The 3 human babesiosis cases described here were sustained by Babesia spp. rarely reported as a cause of human disease. Although none of the patients specifically reported a history of tick bites, all had potential environmental exposure to ticks. The circulation of Babesia spp. in Italy has been increasingly recognized both in its vector (mainly Ixodes ricinus ticks) (10) and in wild and domestic animals (11). In particular, B. vulpes was recently isolated from wild boars (Sus scrofa) in southern Italy (12). The population of wild boars in Italy is expanding and, in Genoa, where the case of B. vulpes was reported, the presence of wild boars within an urban space is an increasingly critical phenomenon (13). Furthermore, as shown by a seroprevalence study conducted in central and northern Italy, seroreactivity to Babesia spp. was detected in 24.4% of persons with high tick exposure (i.e., foresters, hunters) and 7% in persons with a lower exposure risk (14), suggesting a high rate of infection in the population. Current ecologic changes are likely to influence the emergence and prevalence of zoonotic diseases worldwide; the complex interactions among climate, pathogens, vectors, and hosts are dynamically changing and warrant the implementation of a One Health approach (15). Babesiosis is an example of those complex interactions and might be an underdiagnosed and emerging disease in Italy and Europe.
Dr. Sepulcri is a medical doctor specializing in infectious and tropical diseases and a PhD candidate at the University of Genoa, Italy. Her primary research interests are tuberculosis and nontuberculous mycobacteria and emerging infectious diseases.
We thank Luigi Gradoni, Michela Menegon, and Simone Cacciò for their support in the malaria and babesiosis investigations and Bruno Barbara for her contribution in the initial microscopic assessment.
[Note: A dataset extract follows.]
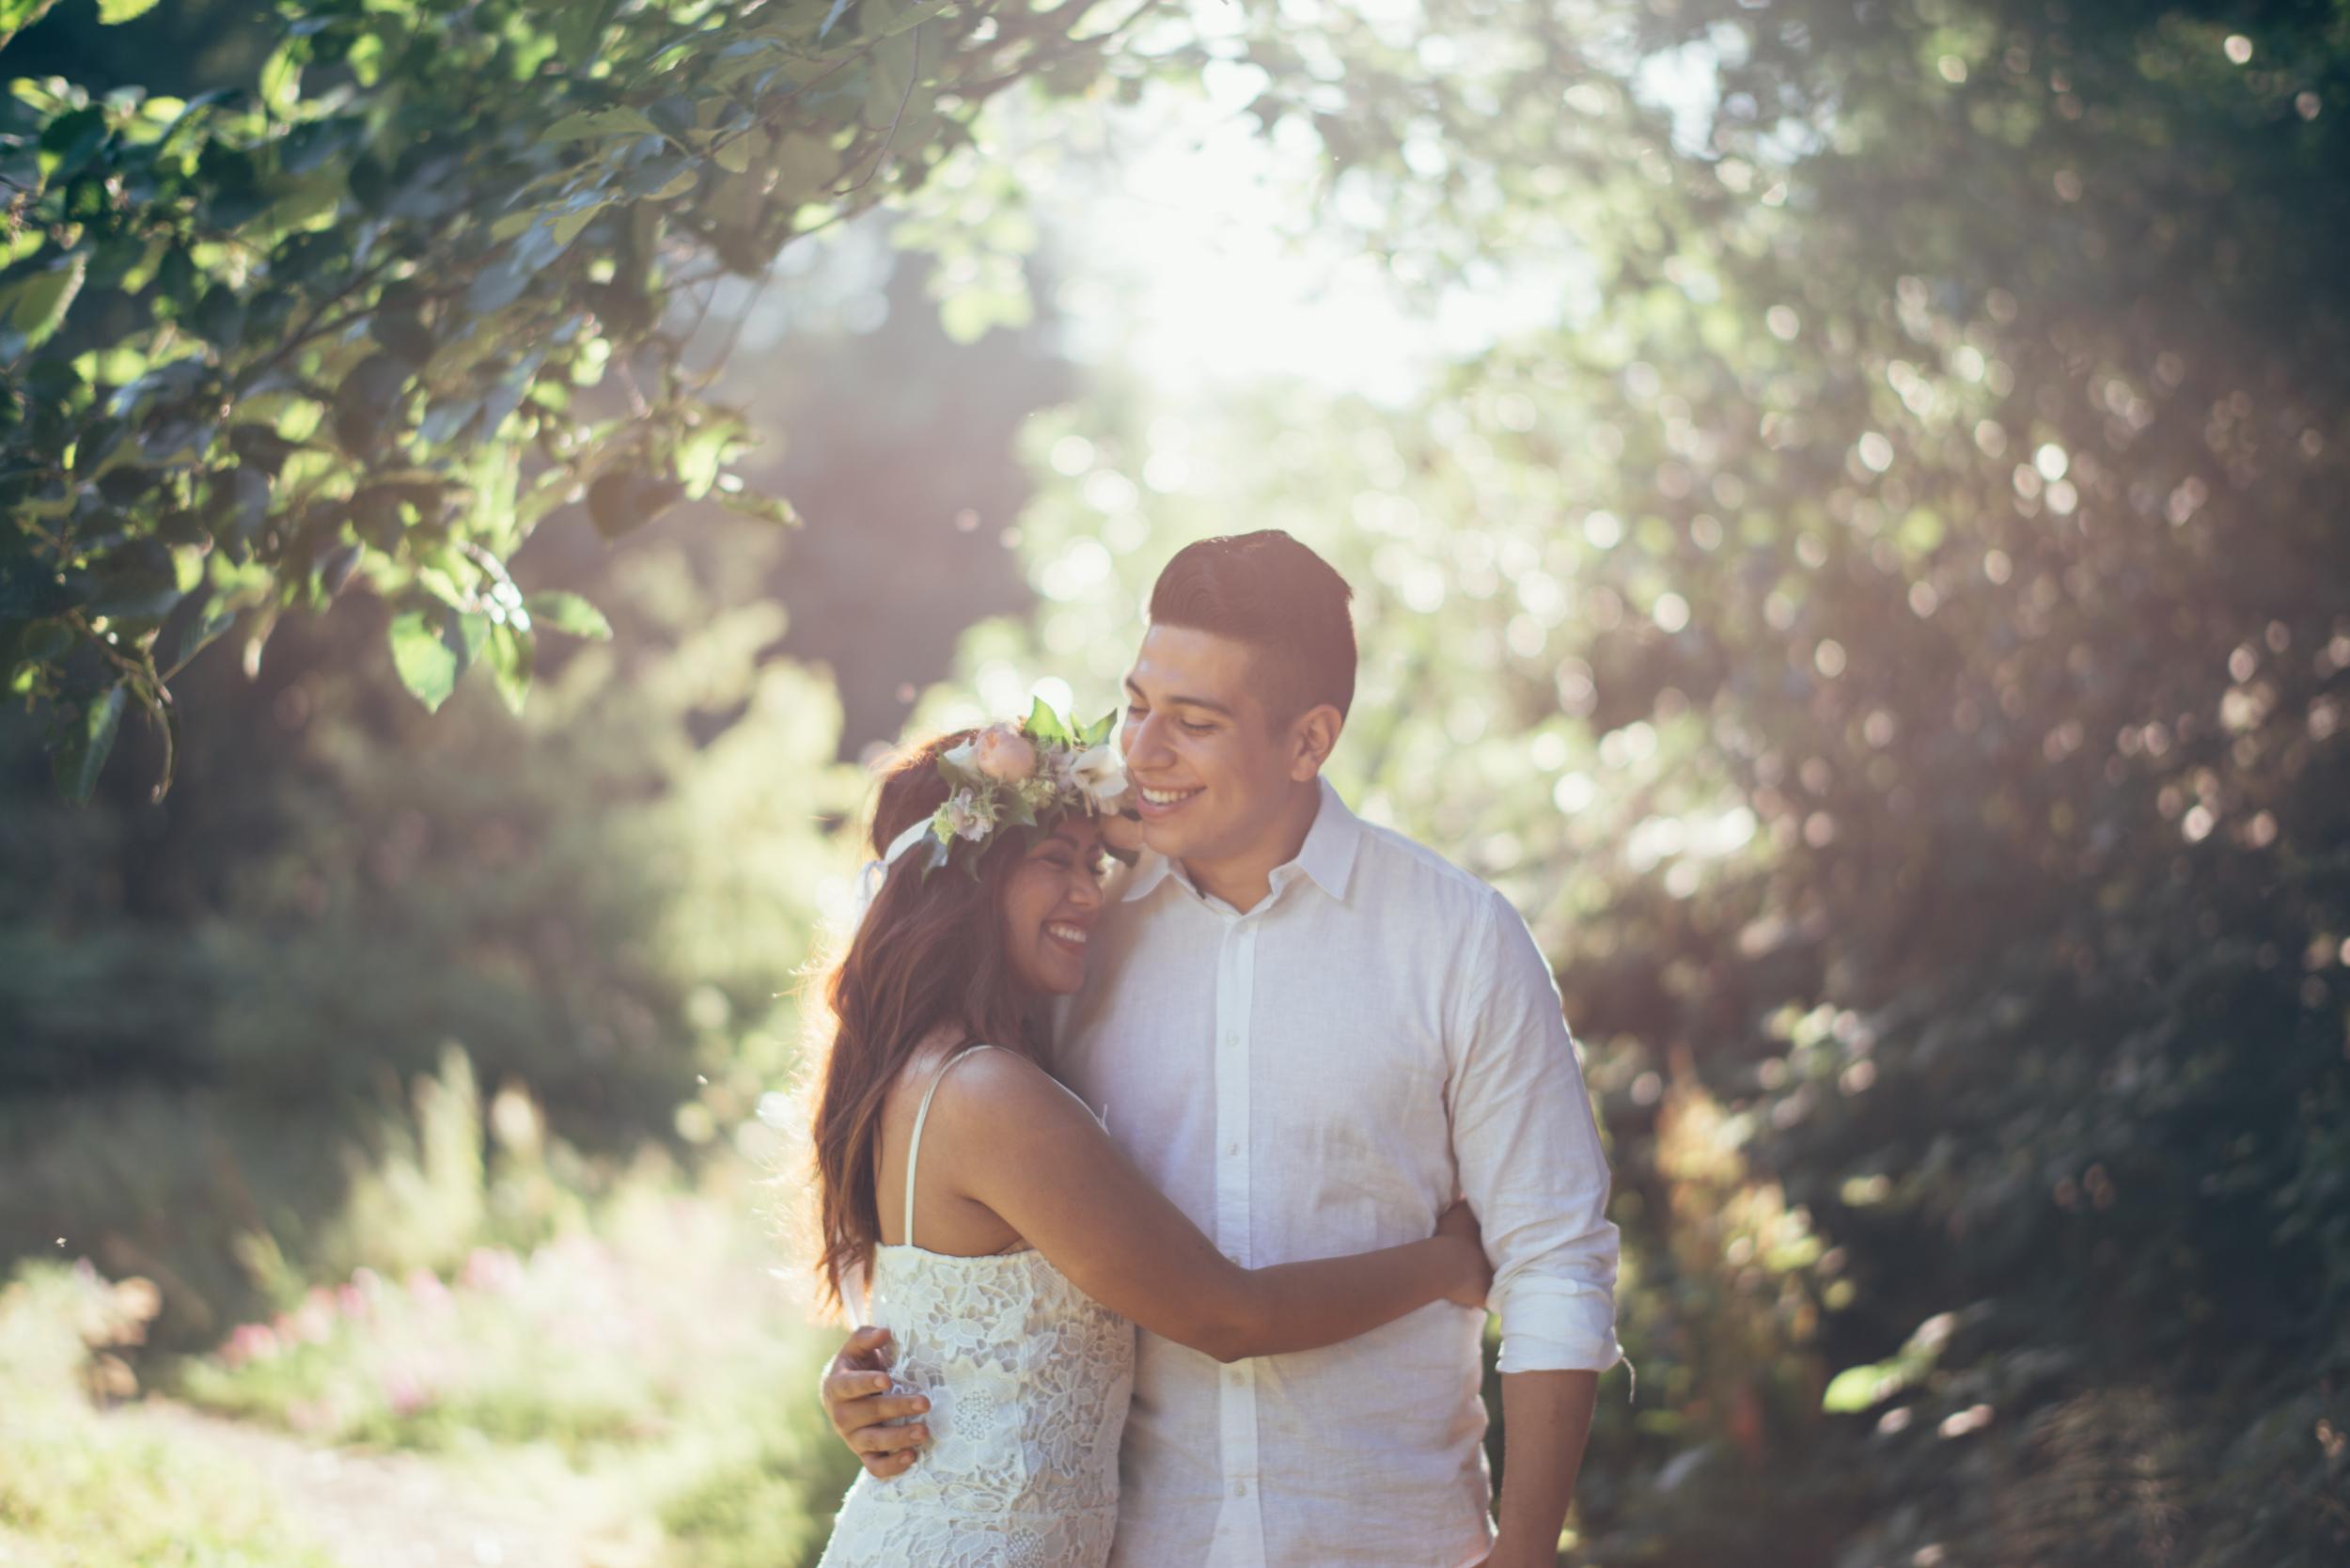 Ricardo & Stephanie - Engagement - © Dallas Kolotylo Photography - 56.jpg

None of the authors has conflicts of interest to disclose related to this work. Outside the submitted work, M.B. has received funding for scientific advisory boards and travel and speaker honoraria from Angelini Pharma, Astellas, BioMérieux, Cidara, Gilead, Menarini, MSD, Pfizer, Shionogi, Tetraphase, and Nabriva. C.D. has received personal advisor/consultant or speaker/chairman fees from Angelini Pharma, Novartis, Gilead, ViiV, MSD, Shinogi, MSD, and Astrazeneca.